Thursday, May 12, 2022

The Innocent Flower

This is the third and last of the MacDougal Duff mysteries, published in 1945. This series was Armstrong’s first venture into mystery novels after a less than stellar career in penning stage plays, her first love. The titles of this series all came from Shakespeare ( "look like the innocent flower, but be the serpent under it." Macbeth, act 1, scene 5). The other titles in the series were Lay on, MacDuff, and The Weird Sisters. Armstrong was a big fan of the bard and studied his work extensively, trying to solve the mystery of who really wrote the complete works.

MacDuff was a retired college professor who dabbled in solving real-life murders, often as a volunteer consultant to local police. Armstrong’s children loved this book because three of the child characters were loosely modeled on them. They often challenged friends to read the book and decide which character was each of them. It wasn’t hard. The plot was around a divorcee with six children where suddenly a friend dropped dead from poison.

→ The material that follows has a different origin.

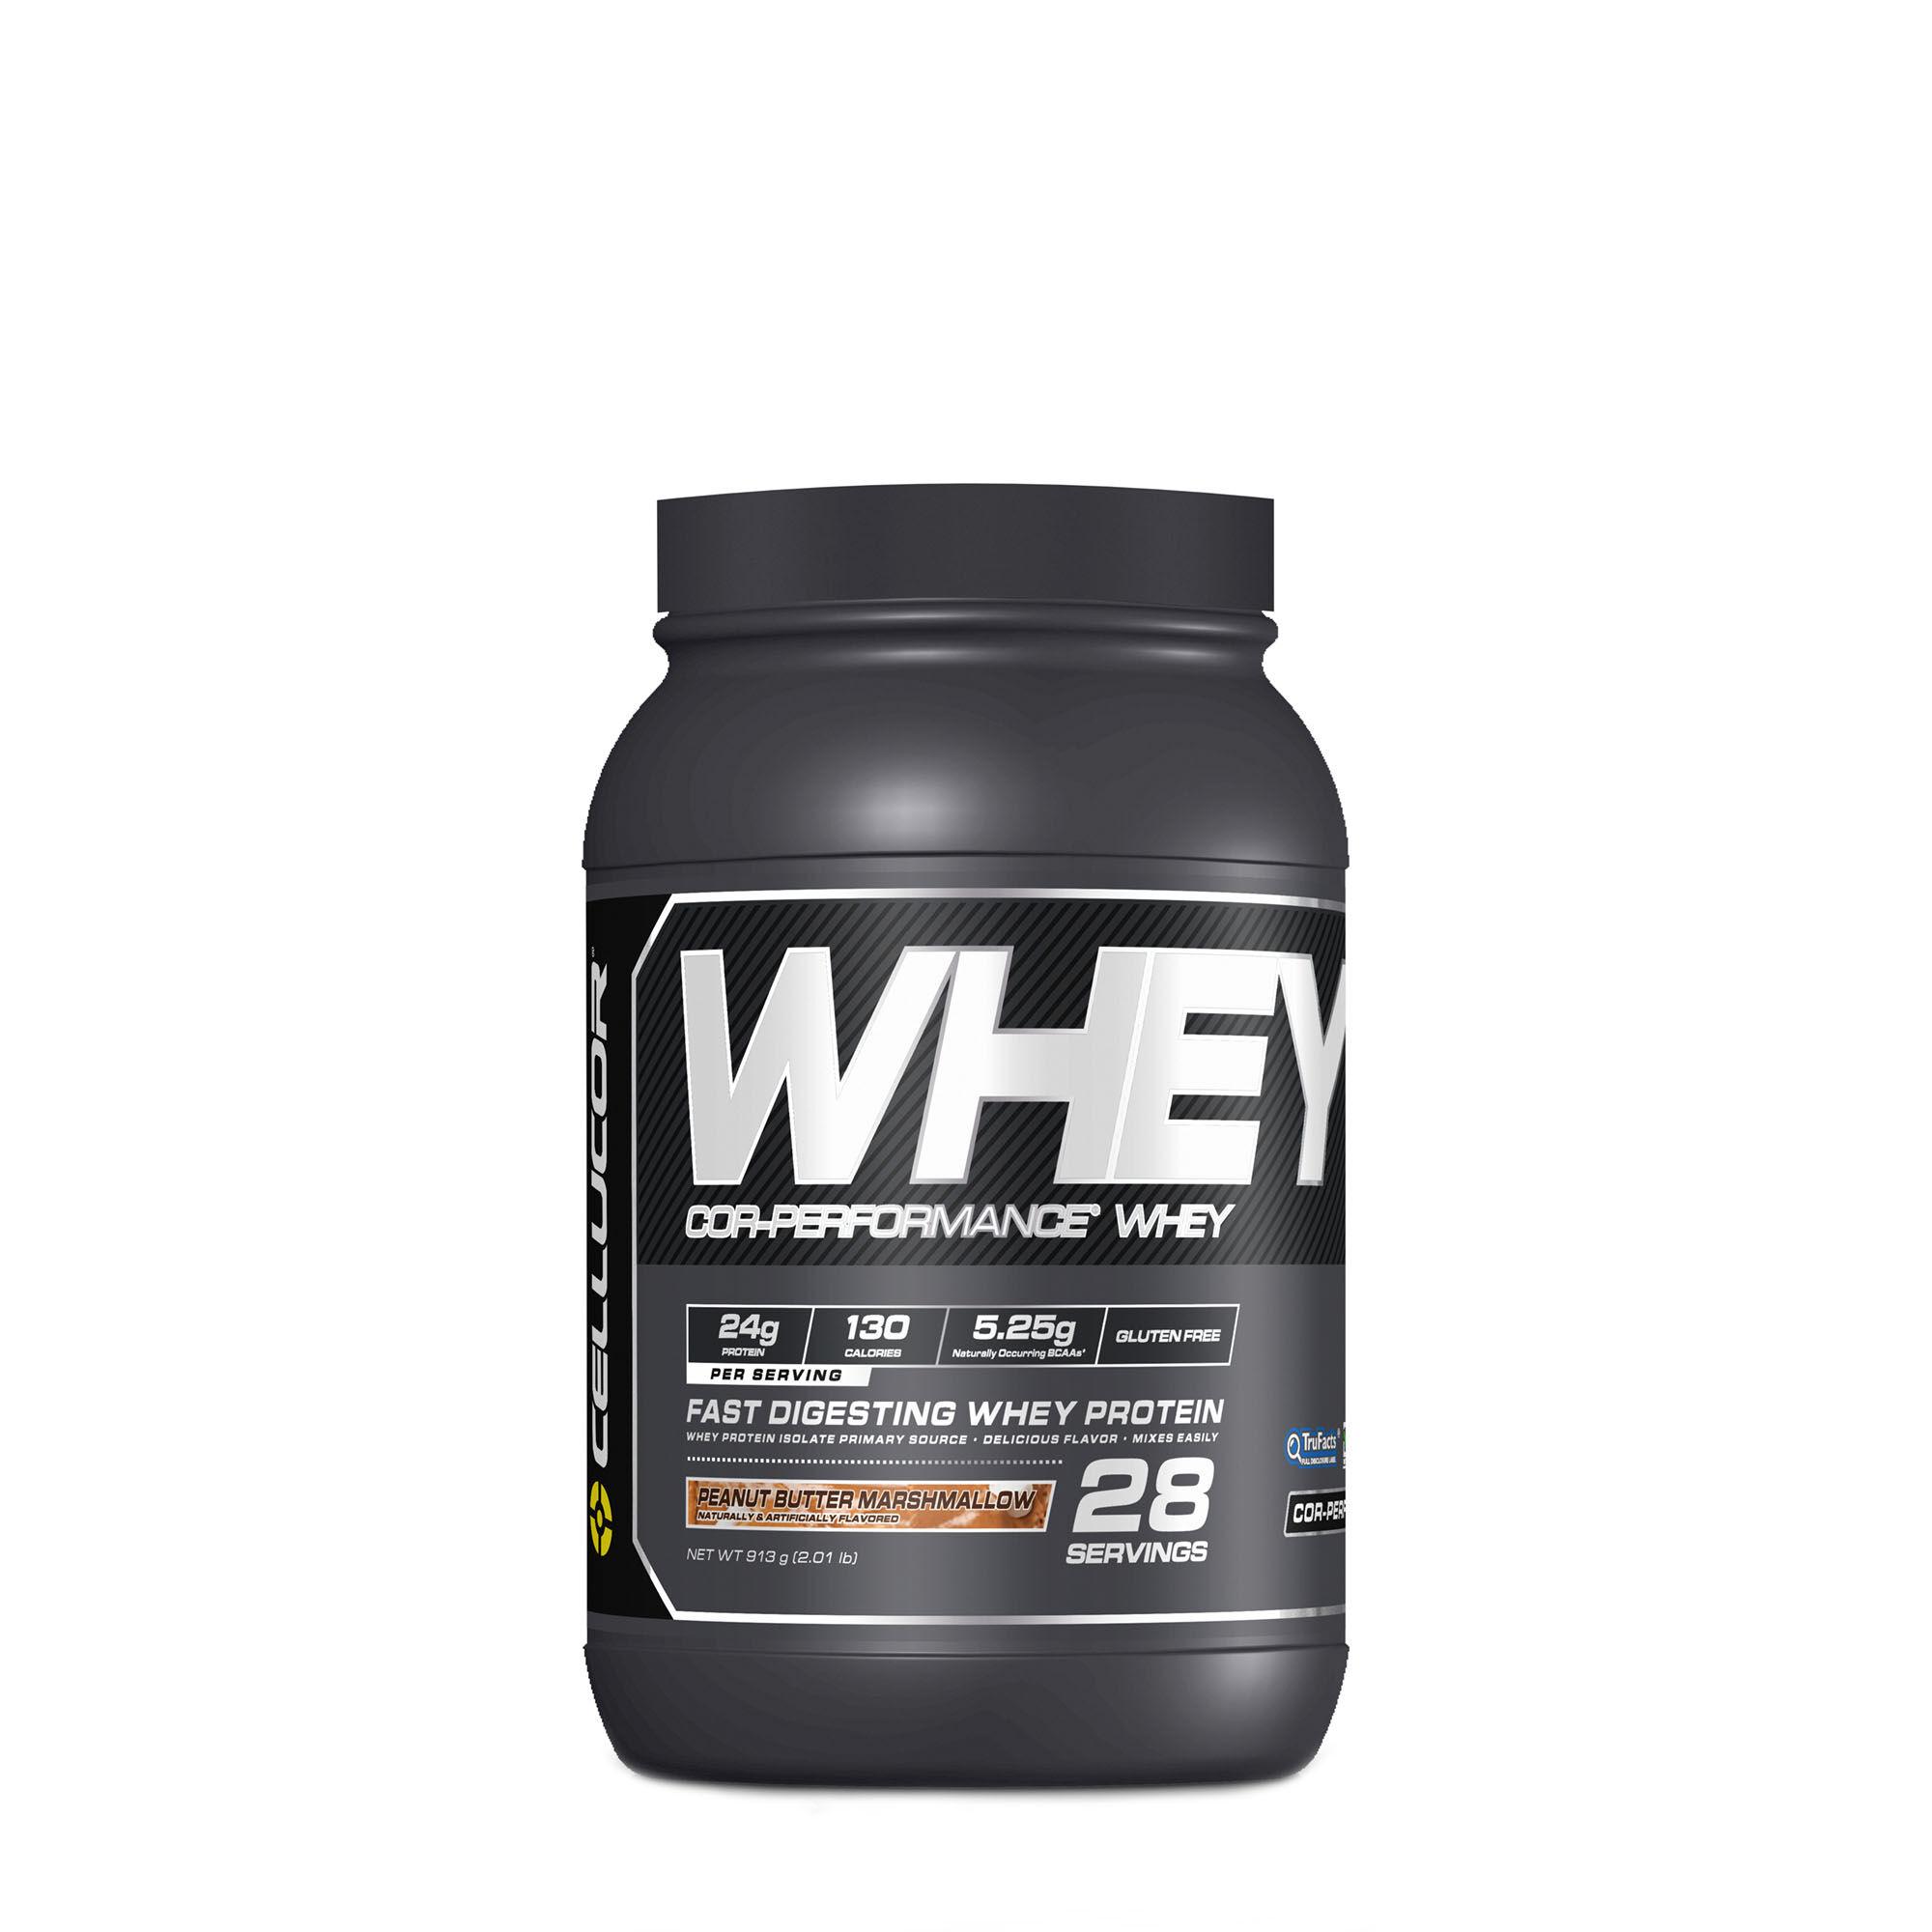 Cellucor Cor Performance Whey Protein Gnc
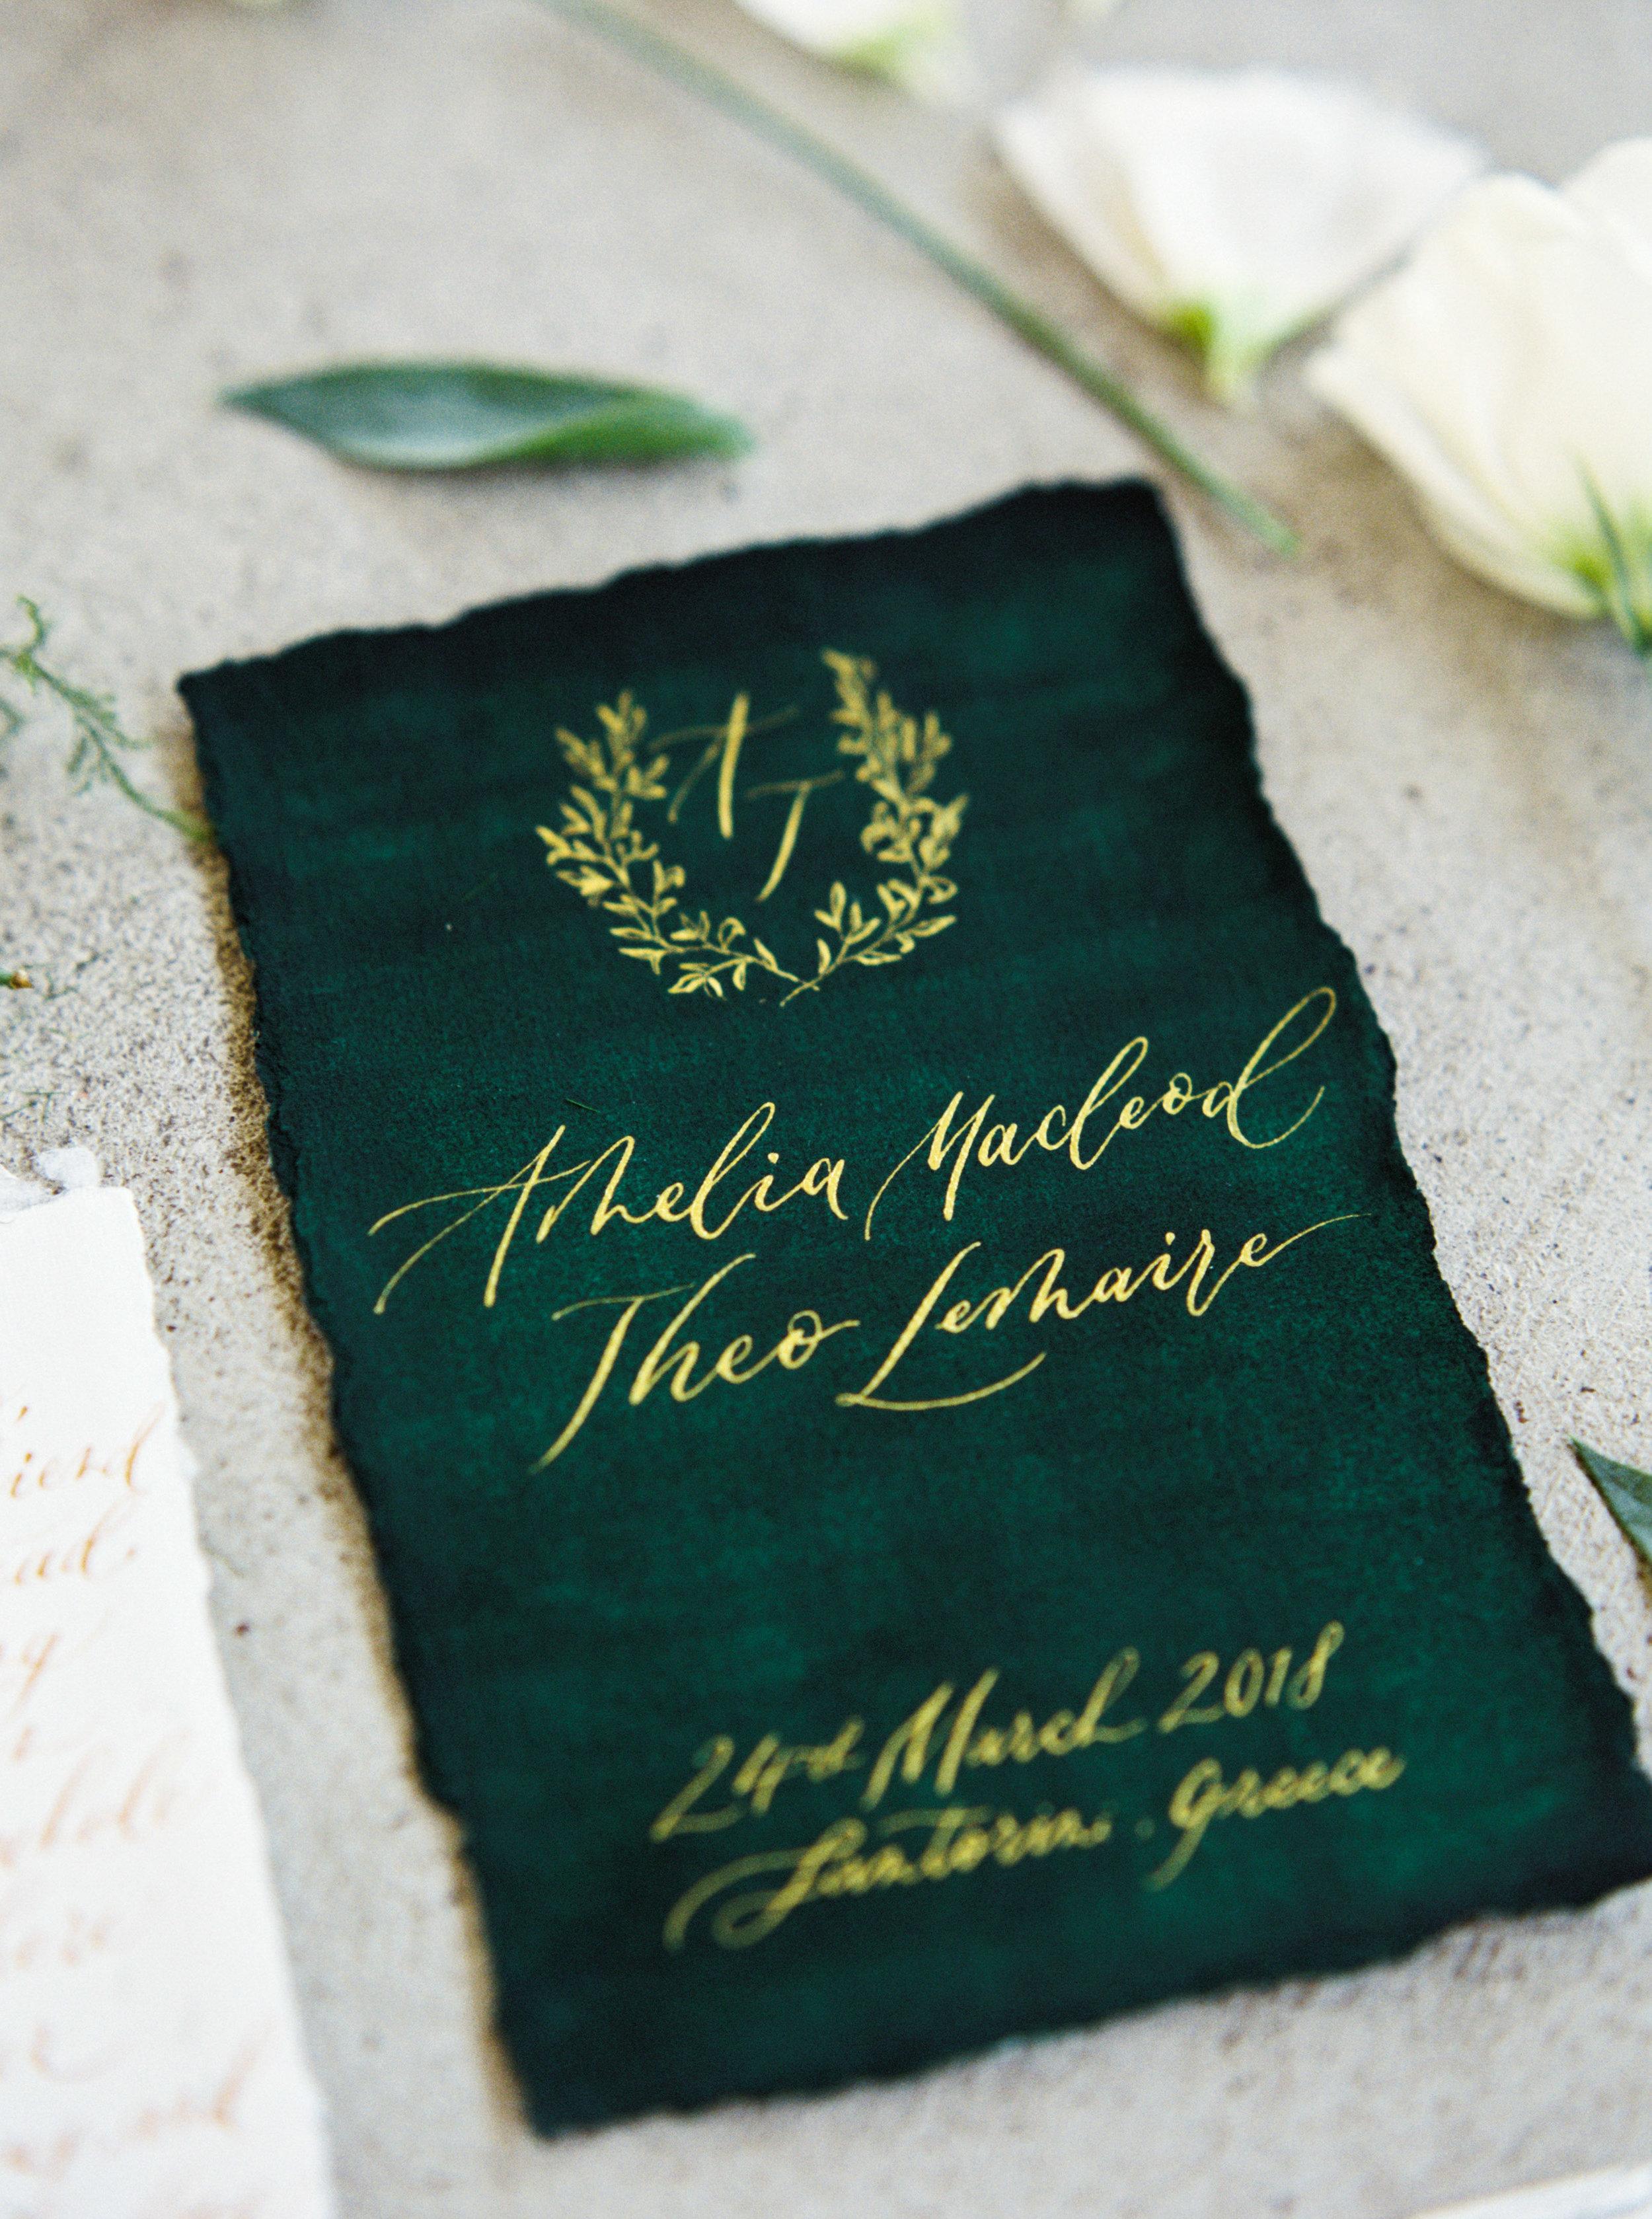 00007- Tamworth NSW Wedding Photographer Sheri McMahon-2.jpg

The children were all suspects at one time or another.

They also loved this story because the location was basically their house in New Rochelle, NY.

Armstrong surely loved writing this story because of these factors, but the real intention was to continue the series where each succeeding book would feature one of the six kids. However, due to less than robust sales, her agent advised switching to the suspense genre, and, starting with The Unsuspected (see post of December 5, 2021), the advice turned out to be excellent as that story launched her career.